A statement issued by the Board on Friday said Carillion is currently in discussion with its financial stakeholders and intends to defer the testing of its financial covenants.

Since July, The Board said Carillion has been focused on reducing costs, collecting cash, executing its disposals programme and implementing its new operating model.  However, it is warning that while the “self-help measures” will serve to reduce the Group's average net debt over time, they will not be enough to enable it to achieve its targets by the end of 2018. The discussions with stakeholders are centred round a broad range of options to further reduce net debt and repair and strengthen the Group's balance sheet.

The statement says:

“This will require some form of recapitalisation, which could involve a restructuring of the balance sheet. The Board expects to commence steps to implement the chosen option during the first quarter of 2018 and a further announcement will be made in due course.”

In its interim results on 29 September 2017, Carillion confirmed that it was forecast to be in compliance with its financial covenants as at 31 December 2017 but that this was dependent on achieving its underlying forecasts.

The Group now expects profits for the year to 31 December 2017 to be materially lower than current market expectations with full year average net borrowing in 2017 to be between £875m and £925m.

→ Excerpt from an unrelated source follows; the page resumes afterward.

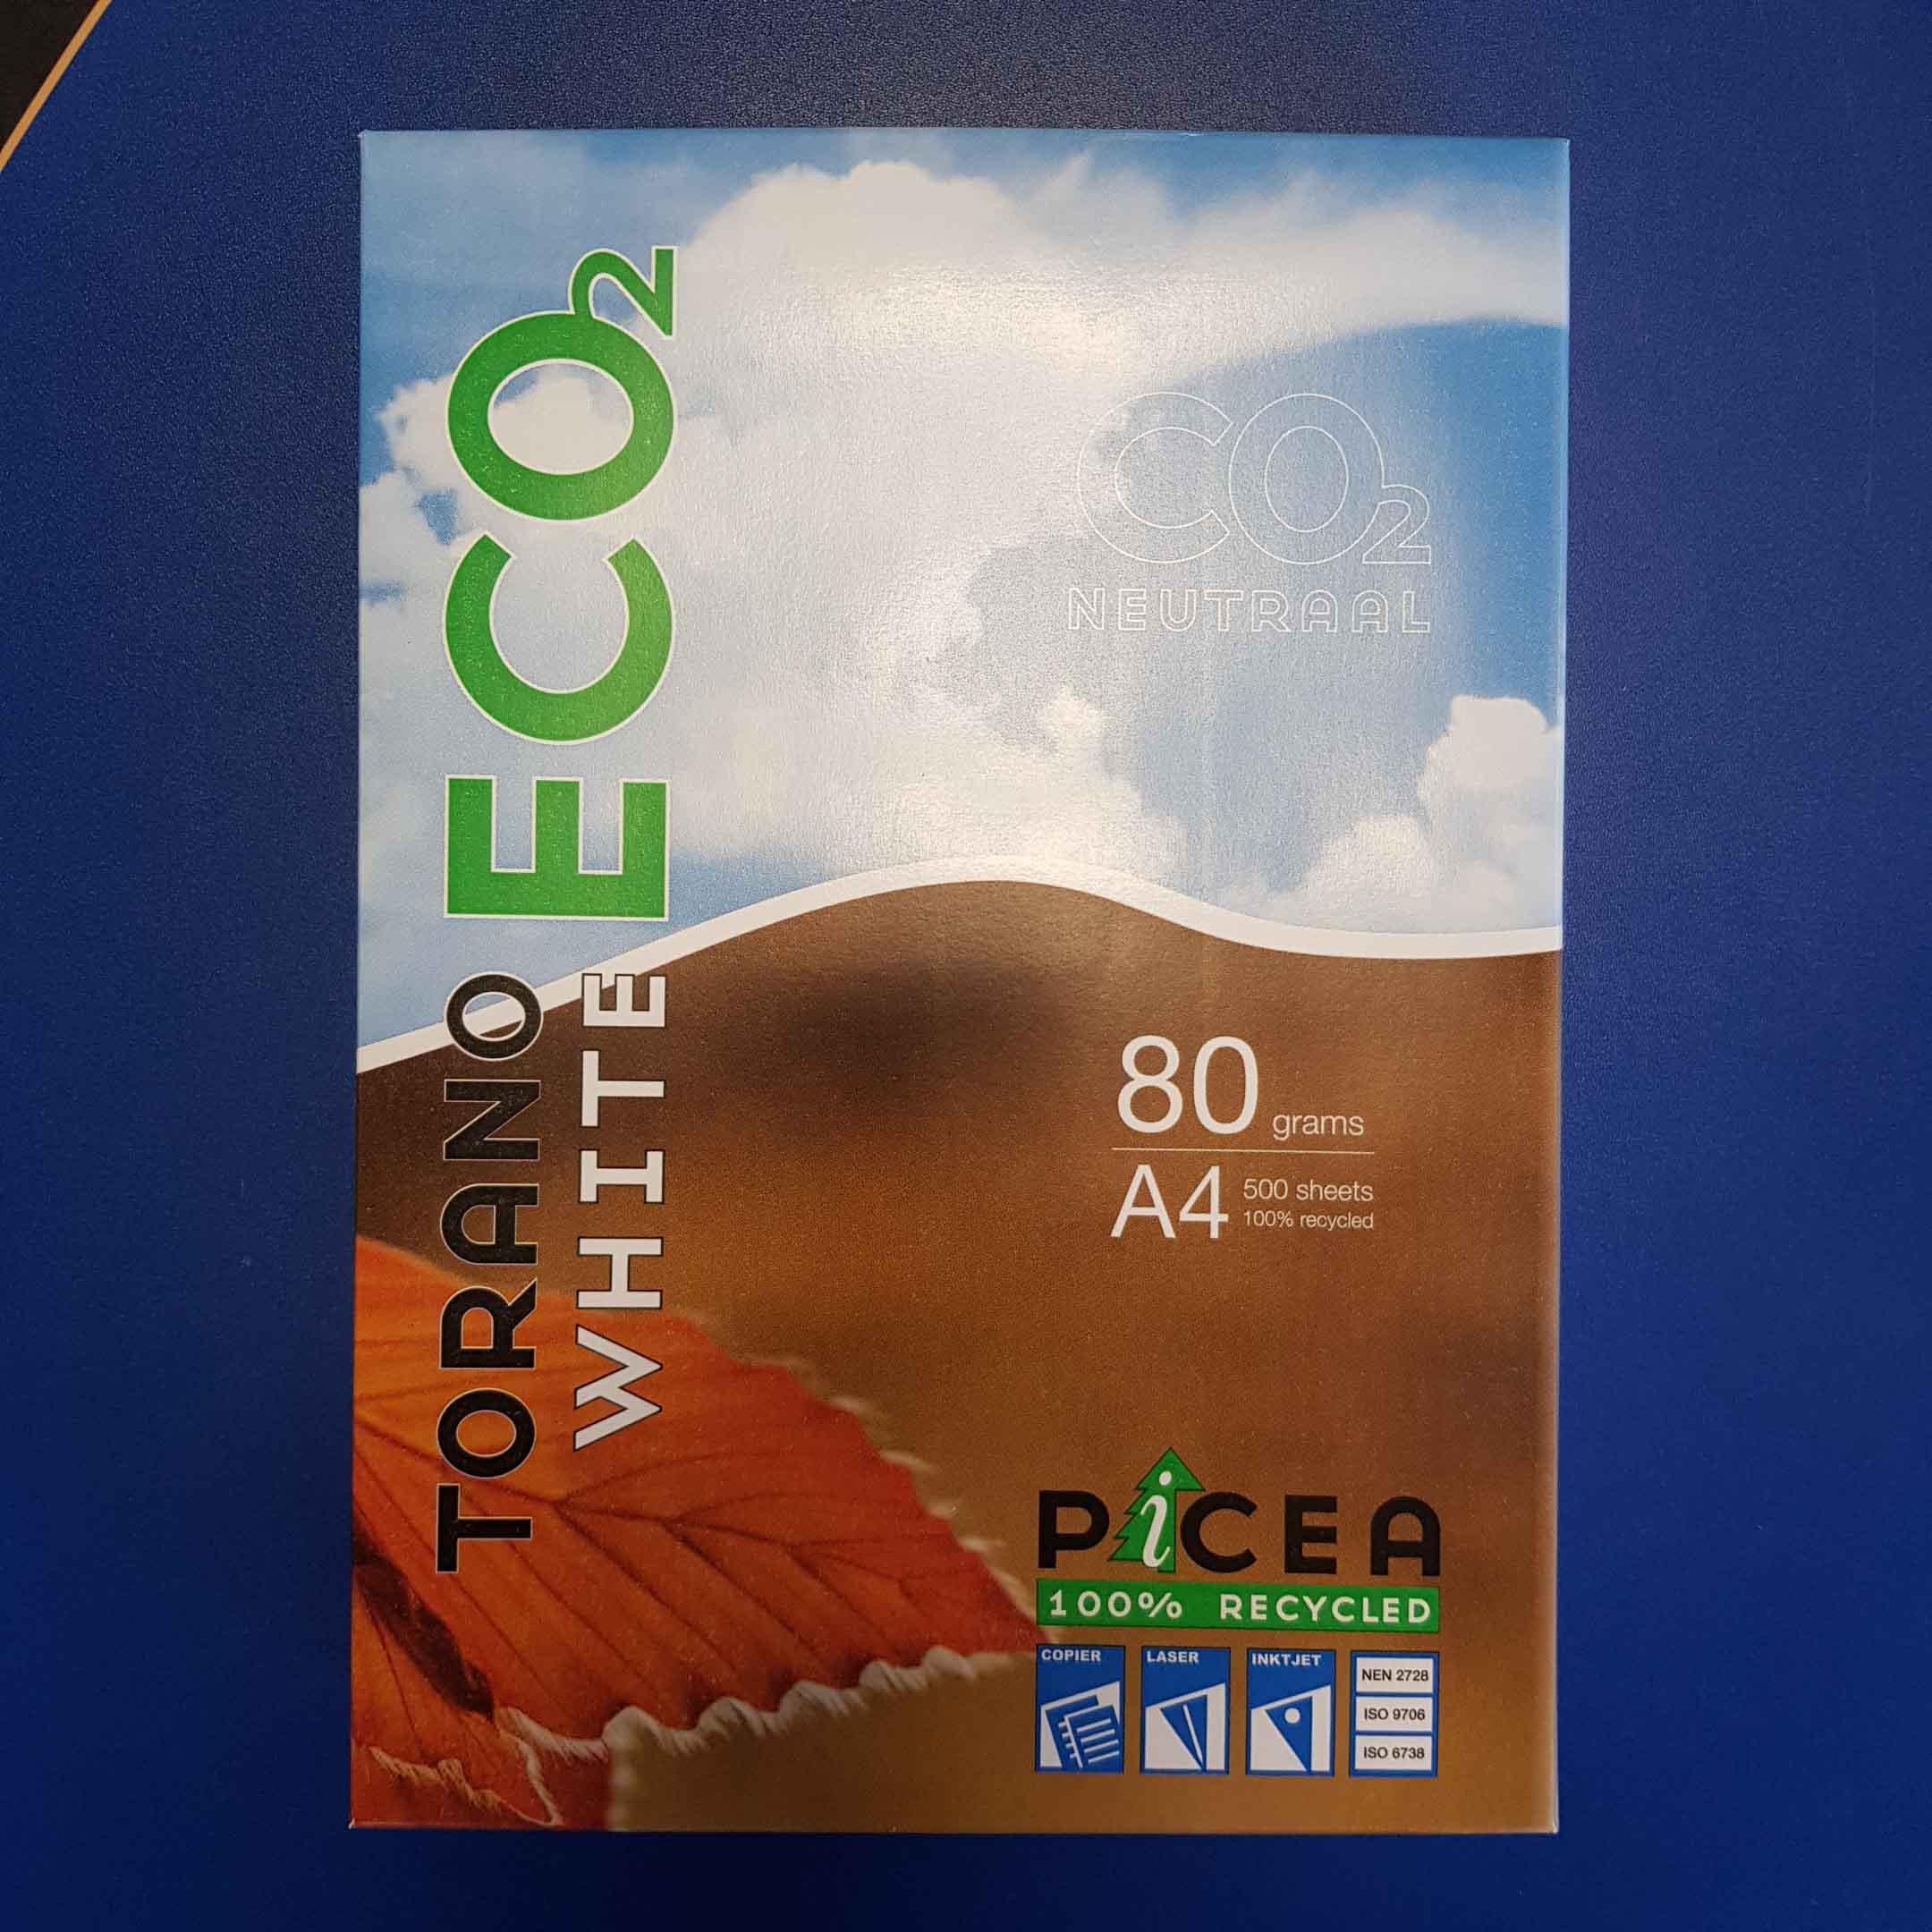 Picea papier voor printer en kopieermachine: CO2 vrij!

The problem is attributed to a combination of delays to certain PPP disposals, a slippage in the commencement date of a significant project in the Middle East and lower than expected margin improvements across a small number of UK Support Services contracts, partially offset by cost savings initiatives realised in the fourth quarter.   

Following discussions with its principal lenders and with their support, the Board  said it has concluded that it is necessary to defer the test date for both its financial covenants from 31 December 2017 to 30 April 2018.

Commenting, Interim Chief Executive, Keith Cochrane said:

"Whilst we continue to target cash collections, reduce costs, execute disposals and focus on delivering for our customers, it is clear that significant challenges remain and more needs to be done to reduce net debt and rebuild the balance sheet.  Constructive dialogue is continuing with our financial stakeholders, and I am grateful for their support.  I remain focused on addressing this issue before my successor, Andrew Davies, takes up the role on 2 April 2018."